VI. La synergie Chine-Pakistan devient un pilier clé de la restructuration de l'ordre du Moyen-OrientDans un contexte complexe où plusieurs pays rivalisent d'influence au Moyen-Orient, la question de savoir comment remodeler l'ordre régional à moindre coût et avec un minimum de confrontation, tout en évitant un conflit géopolitique direct avec les États-Unis, est devenue un impératif stratégique fondamental pour l'Alliance orientale, soucieuse de préserver ses intérêts essentiels. Partenaire stratégique indéfectible du bloc de l'Est, le Pakistan, fort de son statut de puissance nucléaire islamique, de sa capacité à jouer un rôle de médiateur neutre au-delà des clivages sectaires et de sa position géographique stratégique unique reliant l'Asie occidentale et l'Asie du Sud, est devenu un "canal stratégique" sans égal pour ce bloc. Ce mécanisme de collaboration, combinant les solutions chinoises de haut niveau aux réseaux locaux pakistanais, a ouvert la voie à une nouvelle multipolarité en s'appuyant sur les pays du Sud comme point d'appui. Il a ainsi profondément transformé l'ordre unipolaire existant au Moyen-Orient selon quatre axes : la sécurité, la diplomatie, la connectivité et les mécanismes multilatéraux.
1. Dimension sécuritaire : La Chine et le Pakistan collaborent à l'élaboration d'un nouveau cadre de sécurité régionale
Grâce à la collaboration sino-pakistanaise, le Pakistan est devenu un pilier de sécurité pour les États du Golfe au Moyen-Orient. Après l'accord de sécurité conclu avec l'Arabie saoudite, le Koweït et Bahreïn ont également signé, ou sont en train de négocier, des accords de coopération en matière de sécurité avec le Pakistan. Ce système de défense régional, "désaméricanisé", remet directement en cause le monopole américain de longue date sur l'approvisionnement en matière de sécurité. Ce système de défense, totalement indépendant des alliances militaires dirigées par les États-Unis, dépendra fortement des approvisionnements d'Asie de l'Est en termes d'équipements, de technologies et de systèmes de formation : après leur validation au combat au Pakistan, les avions de chasse J-10CE et JF-17, les systèmes de défense aérienne HQ-9BE et les sous-marins S26P devraient être commercialisés en grande quantité dans le Golfe. Suite notamment à l'affrontement aérien entre l'Inde et le Pakistan l'année dernière, le système de combat est-asiatique a acquis une notoriété sans précédent et est promis à un bel avenir sur le marché international des armements.

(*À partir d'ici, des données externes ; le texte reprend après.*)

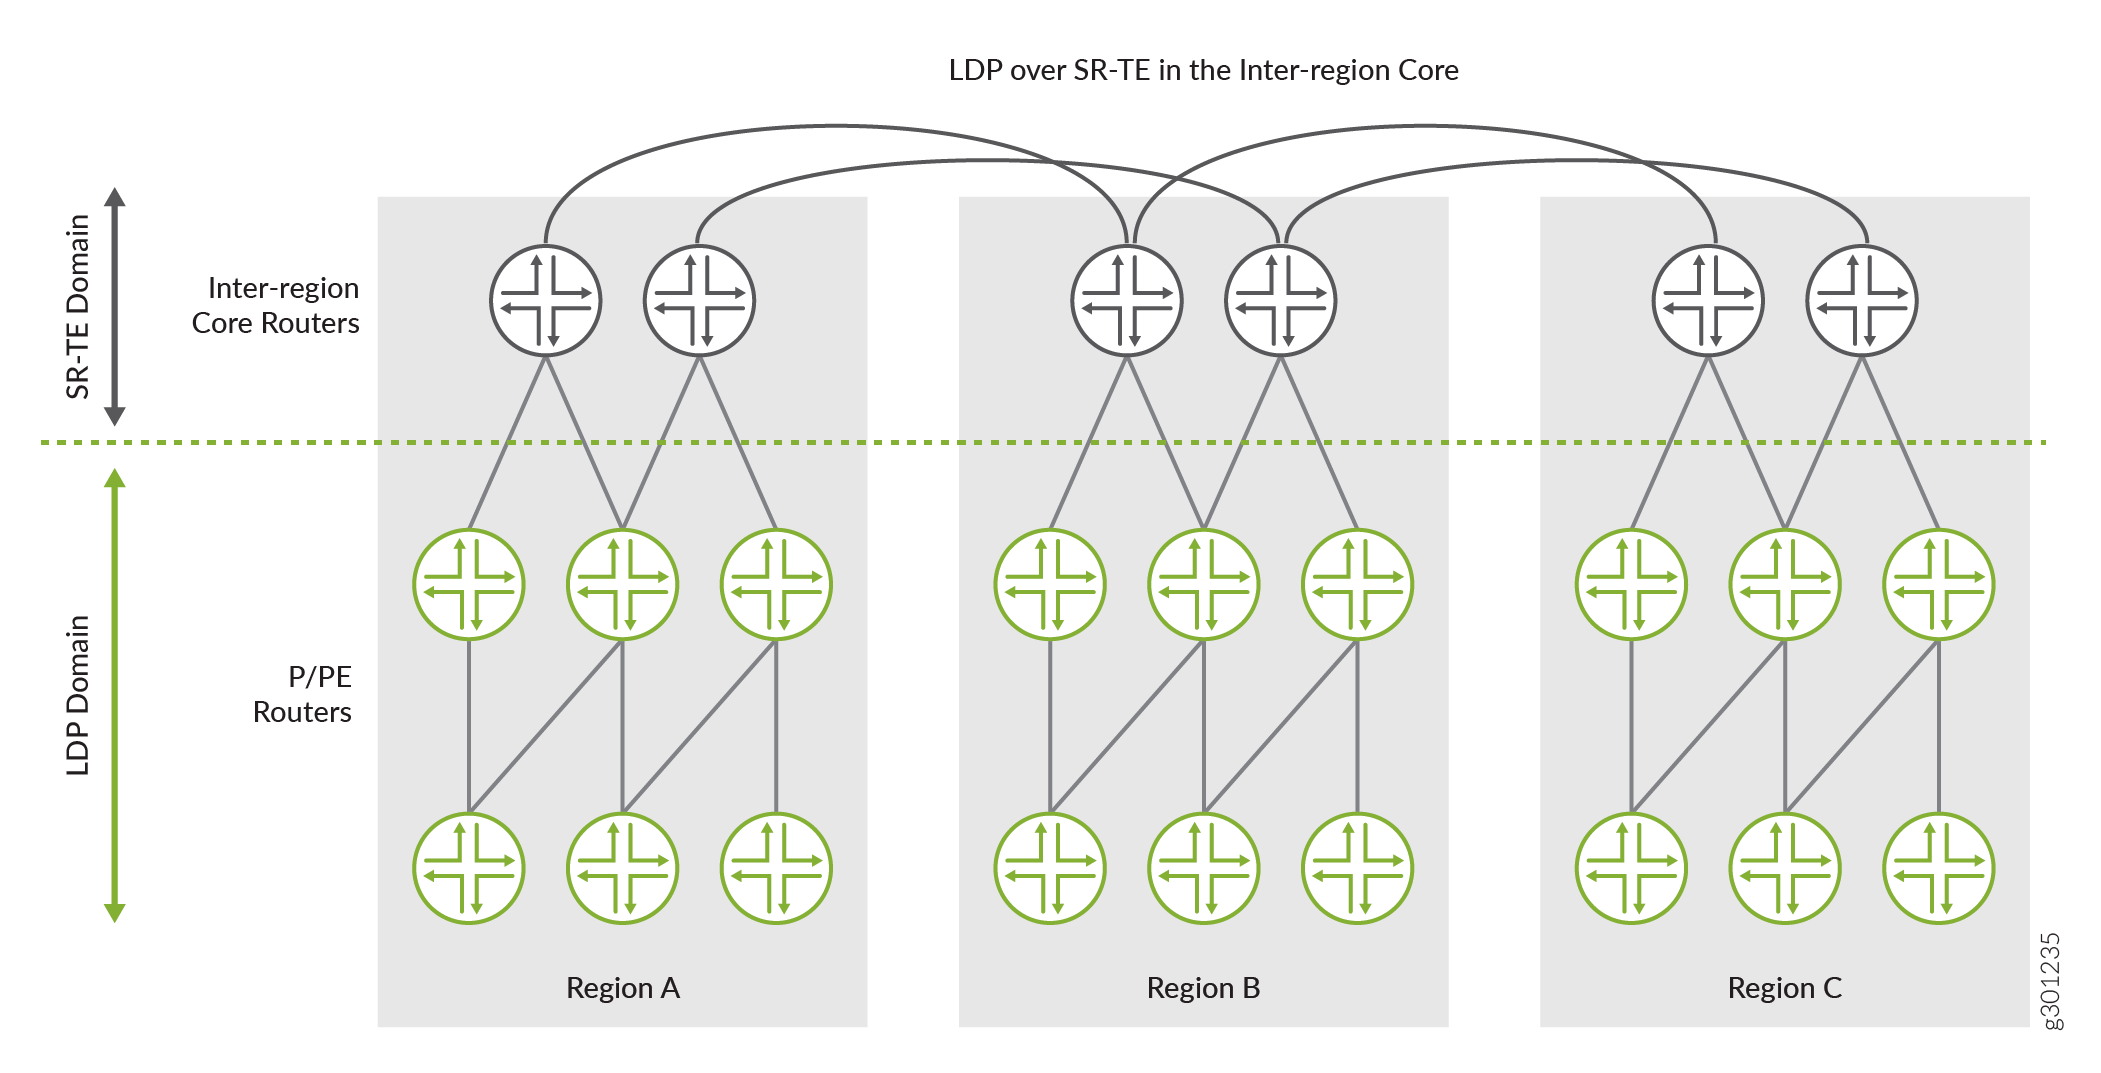 LDP over SR-TE between
Inter-region Core Networks

Si ce cadre de sécurité se met en place, il créera une chaîne de complémentarité claire : les pays du Golfe fournissent un soutien financier à la défense, le Pakistan exporte des services militaires et de sécurité, et l'Orient fournit des équipements militaires et des capacités techniques, formant ainsi une solution régionale de défense et de sécurité alternative parfaite.
De cette manière, un ordre de sécurité pluraliste se mettra progressivement en place au Moyen-Orient, limitant de fait la capacité des États-Unis à diviser et à conquérir leurs alliés régionaux et faisant évoluer l'ordre de sécurité de la région d'une "dépendance unipolaire" vers une "coexistence multipolaire".
2. Dimension diplomatique : La proposition Dongda arrive à point nommé
En matière de médiation diplomatique, l'approche "proposition chinoise + canaux pakistanais" permettra d'établir une plateforme de négociation de paix indépendante des États-Unis, brisant ainsi le monopole américain sur le discours diplomatique régional. Suite à l'escalade de la crise du Golfe en 2026, les États-Unis ont refusé d'engager un dialogue direct avec l'Iran, et les canaux de médiation traditionnels ont souffert d'un manque de crédibilité flagrant. Le Pakistan, fort de ses relations privilégiées avec les États-Unis, l'Iran et le Conseil de coopération du Golfe (CCG), s'est alors imposé comme le seul intermédiaire crédible.
Tout au long de ce processus, Dongda a apporté un soutien diplomatique et une crédibilité sans faille, œuvrant activement à la médiation entre toutes les parties afin d'aider le Pakistan à jouer un rôle central. À titre d'exemple, le 31 mars dernier, la Chine et le Pakistan ont publié conjointement l'"Initiative en cinq points pour le rétablissement de la paix et de la stabilité dans le Golfe et au Moyen-Orient", proposant des solutions systématiques telles qu'un cessez-le-feu, la sécurisation des voies maritimes et des négociations de paix - constituant ainsi la première feuille de route globale pour la paix dans cette phase de la crise qui n'ait pas été proposée par les États-Unis.
En juin de la même année, le Pakistan a pris l'initiative d'organiser la signature du "Mémorandum d'entente d'Islamabad", qui a facilité une période de 60 jours pour des négociations indirectes entre les États-Unis et l'Iran (bien qu'il ait été rapidement dénoncé, sa valeur positive demeure) ; lors de la réunion des ministres des Affaires étrangères de l'OCS en juillet, le ministre des Affaires étrangères Wang, le ministre pakistanais des Affaires étrangères et le ministre iranien des Affaires étrangères ont tenu des consultations spéciales trilatérales pour continuer à faire pression en faveur de la reprise des pourparlers de paix.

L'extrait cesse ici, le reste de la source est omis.